Here is a Better 3D Model of the Extrudabody RB26DETT Conversion! If we could get a Group buy of 10 Pre-sold we would build the the entire set-up as pictured. It would be a bolt on to the RB26DETT manifold! Trust me it would be very economical!

Thread from Hybrid Z Site: Scroll down to the Bottom for Pictures and info! ITB's with a twist - Page 3 - HybridZ

Few Advantages is has over Stock ITB's:
1. Throttle Shafts/Plates have a total cross section of 6mm "When Open" compared to the stocks 9.5mm, when Closed 8mm vs 9.5mm stock. This will free up flow in the ITB itself!
2. Makes Stagged Injection Easy for High HP Street Cars!
3. Can be upgraded to 50mm ITB's at a later date, if needed/Wanted!
4. 4" or 100mm ID Main Plenum Opening.

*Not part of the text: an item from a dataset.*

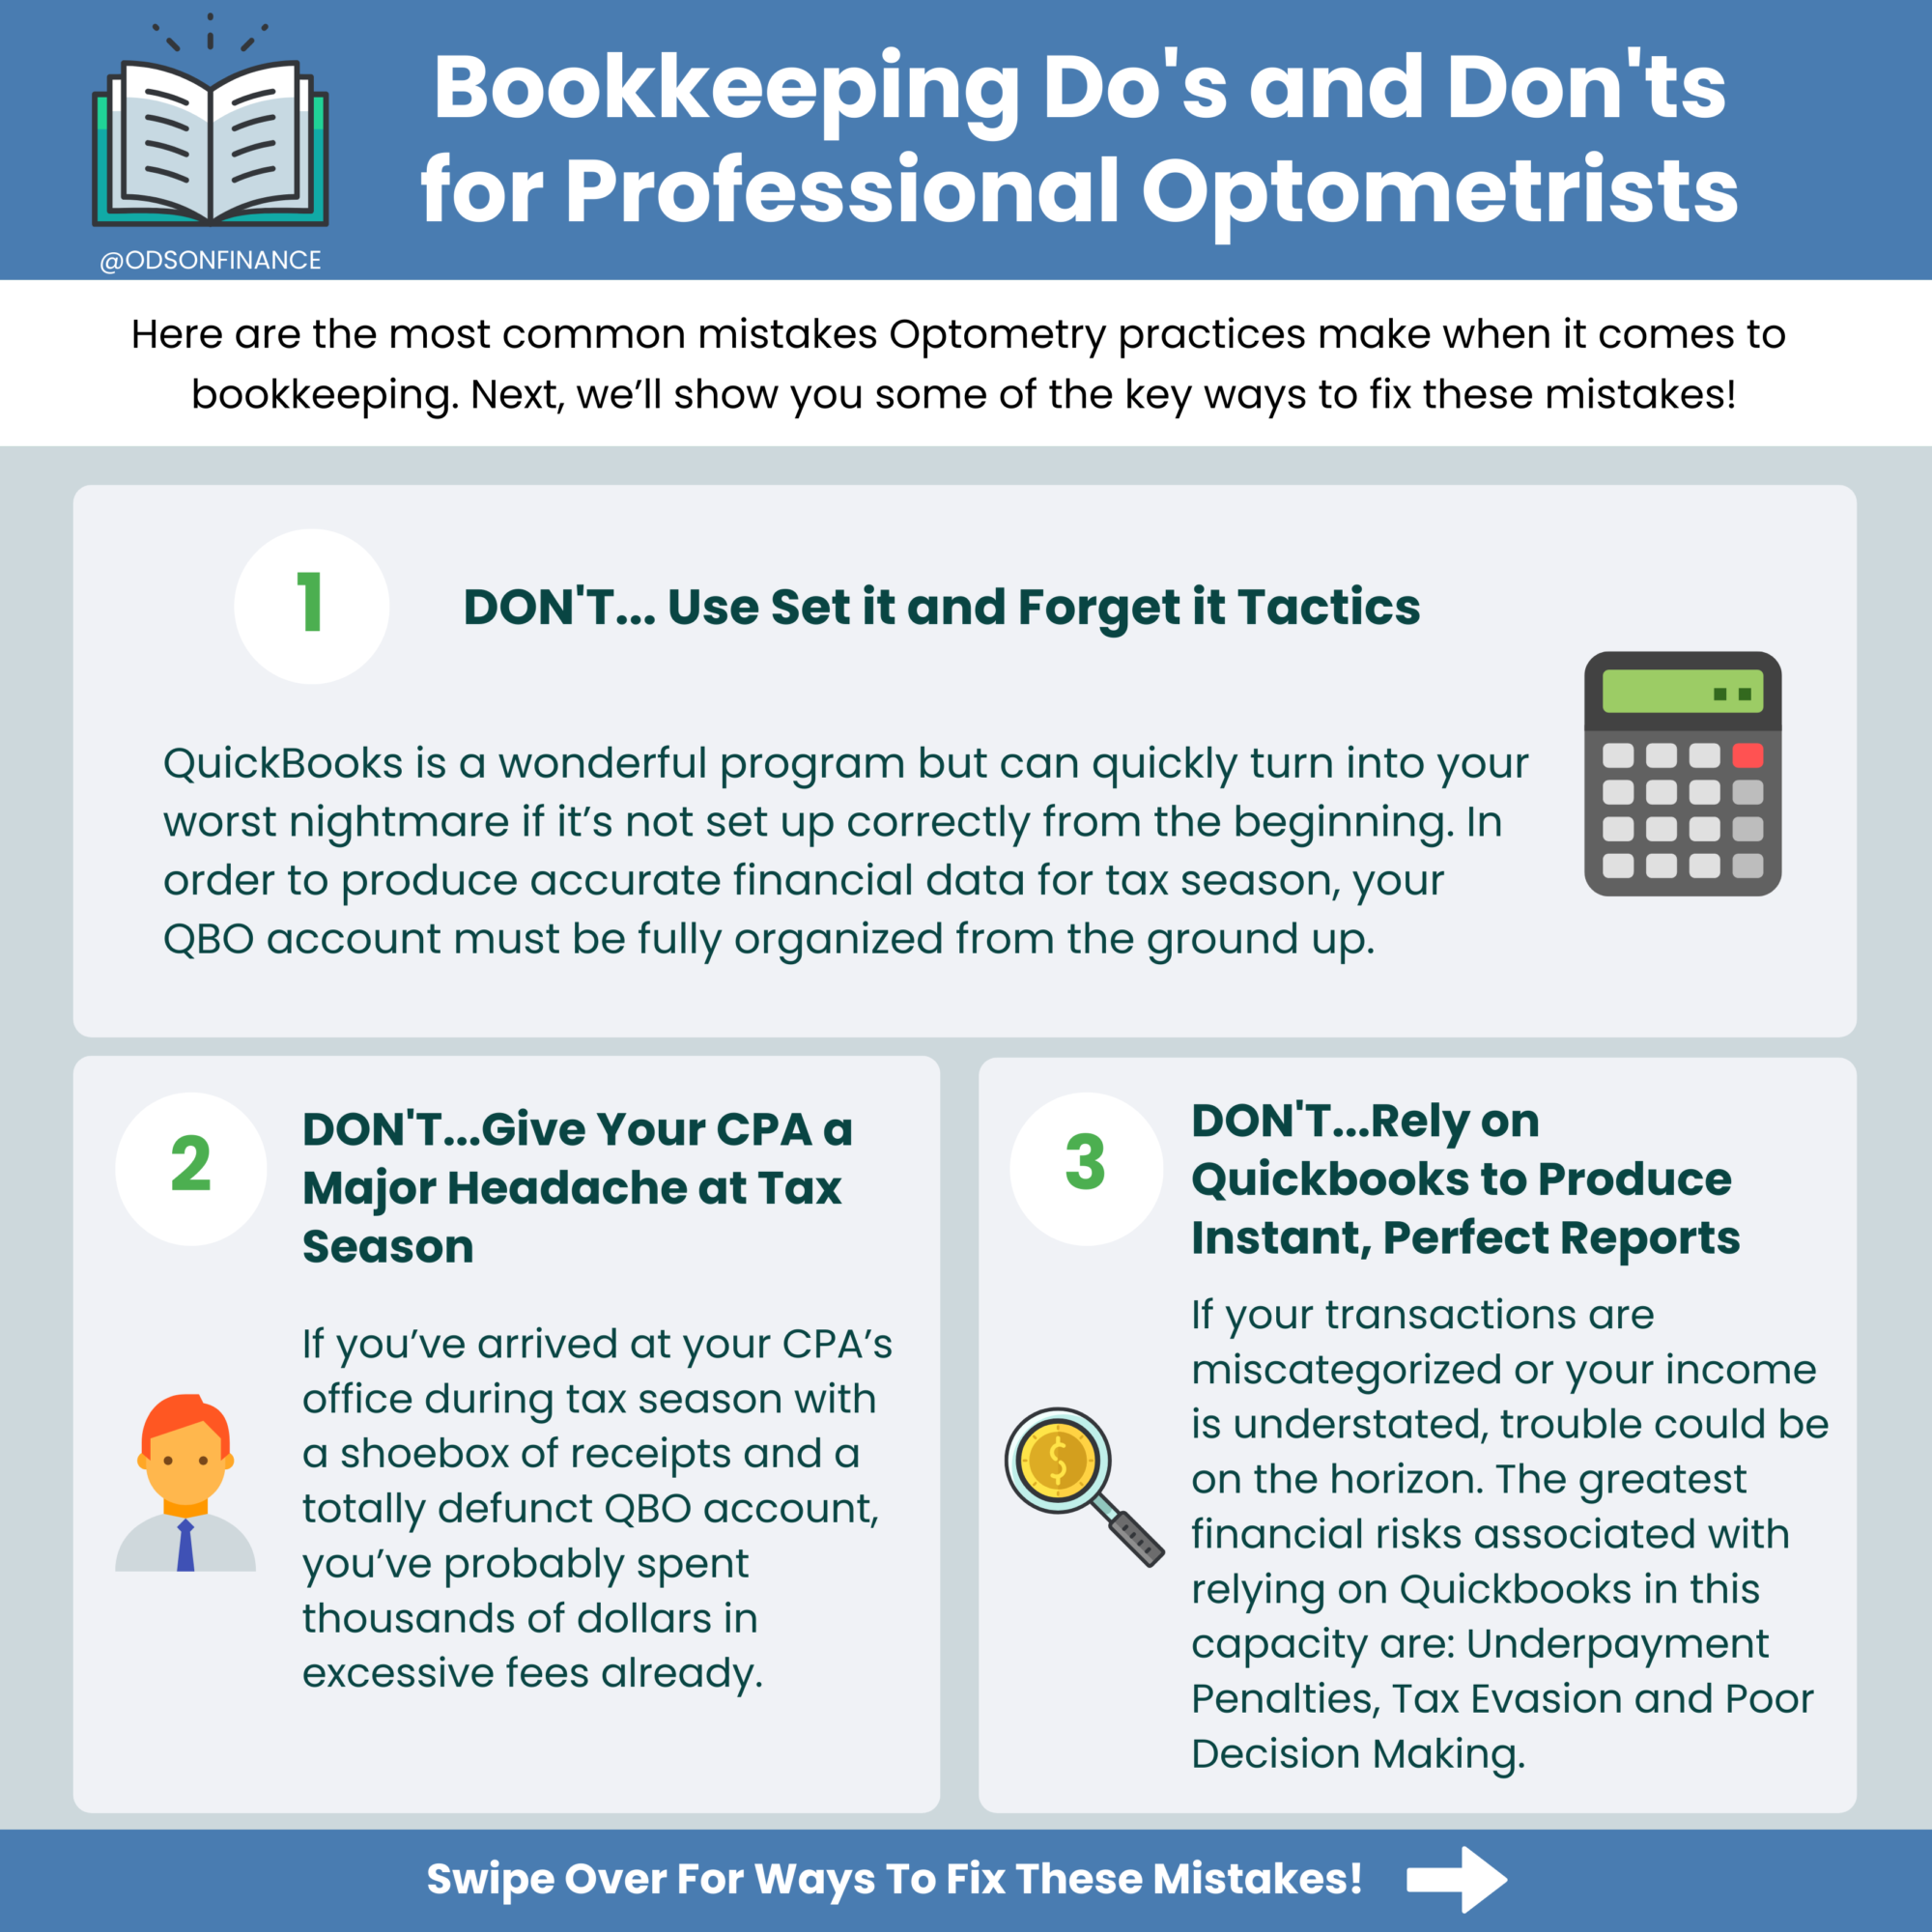 Bookkeeping Do's and Don'ts for Professional Optometrists
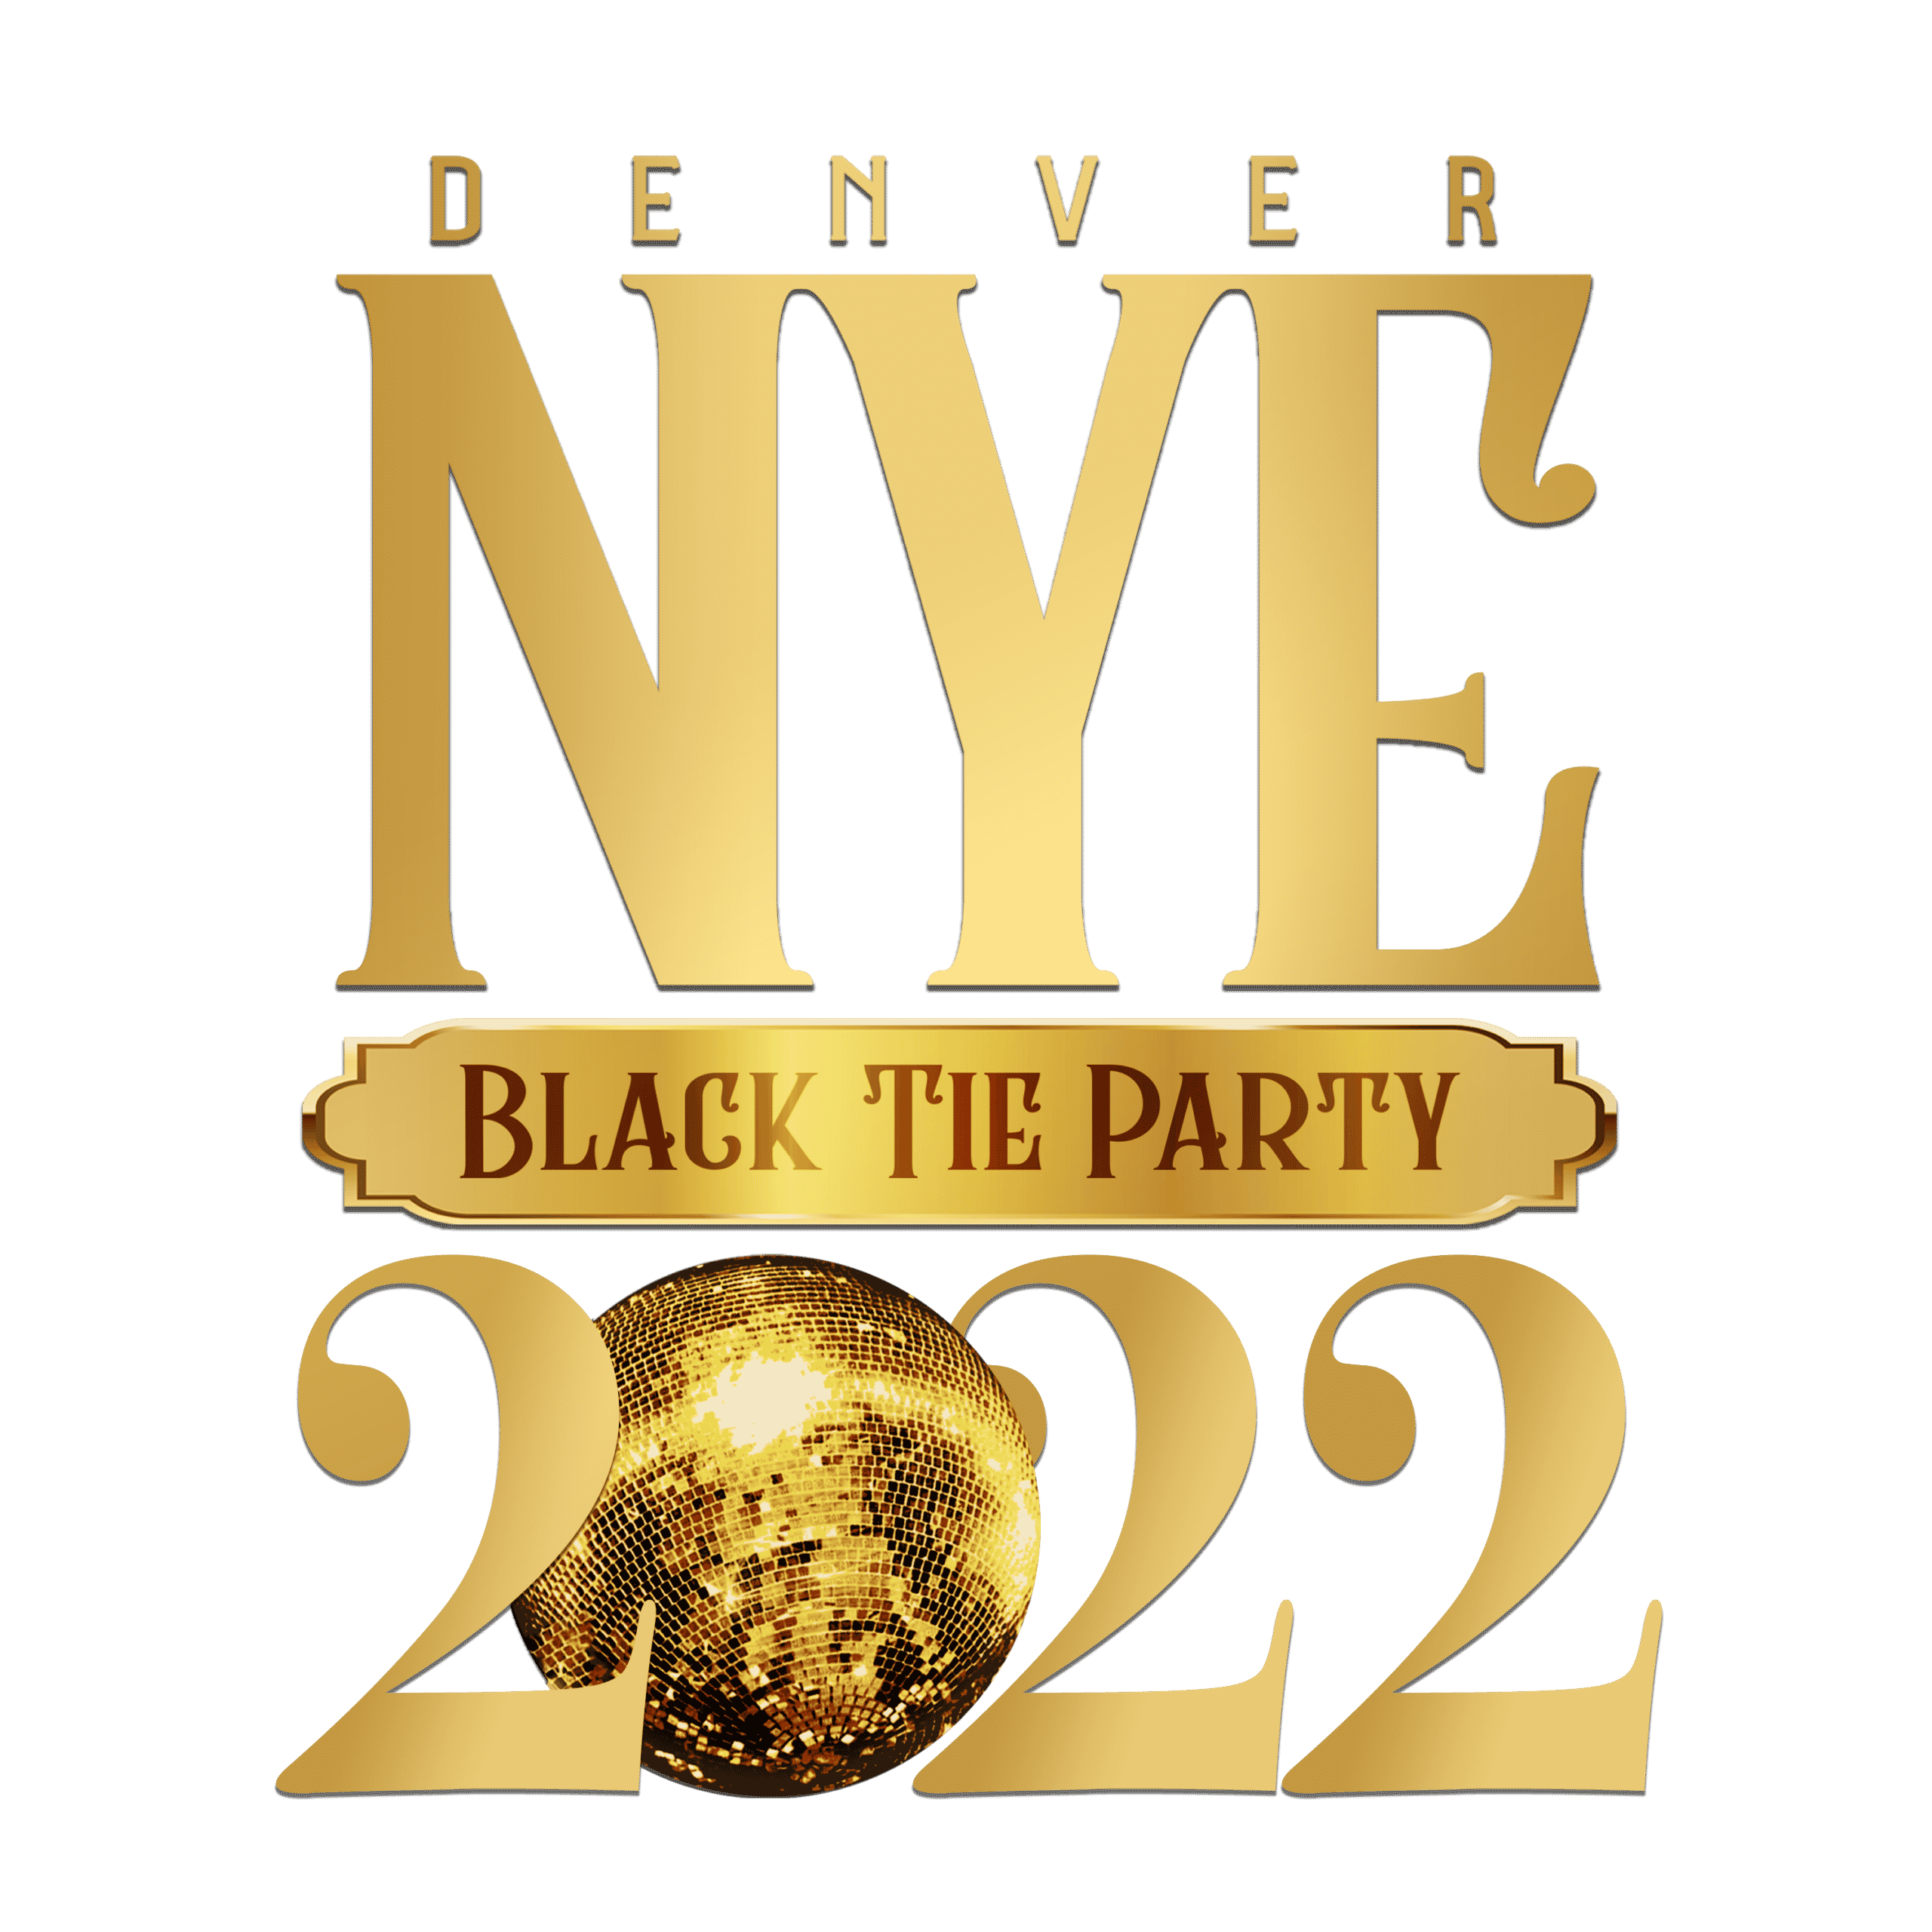 New Years Eve Denver | Denver New Years Eve Black Tie Party 2022 - 2023

Will flow more than a Q45 90mm TB Set-up if the motor can use it!
5. Recessed Airhorns in the Plenum!
6. Injectors can be mounted over or Under the ITB's!
7. Completely Anodized Clear and RED for the Show Crowd too!
8. Cool Factor above and beyond Stock Set-up! 



















Note: 3 ITB's are shown with injectors pointed up and 3 are Down to show how they can be Mounted either way! 

Kevin


----------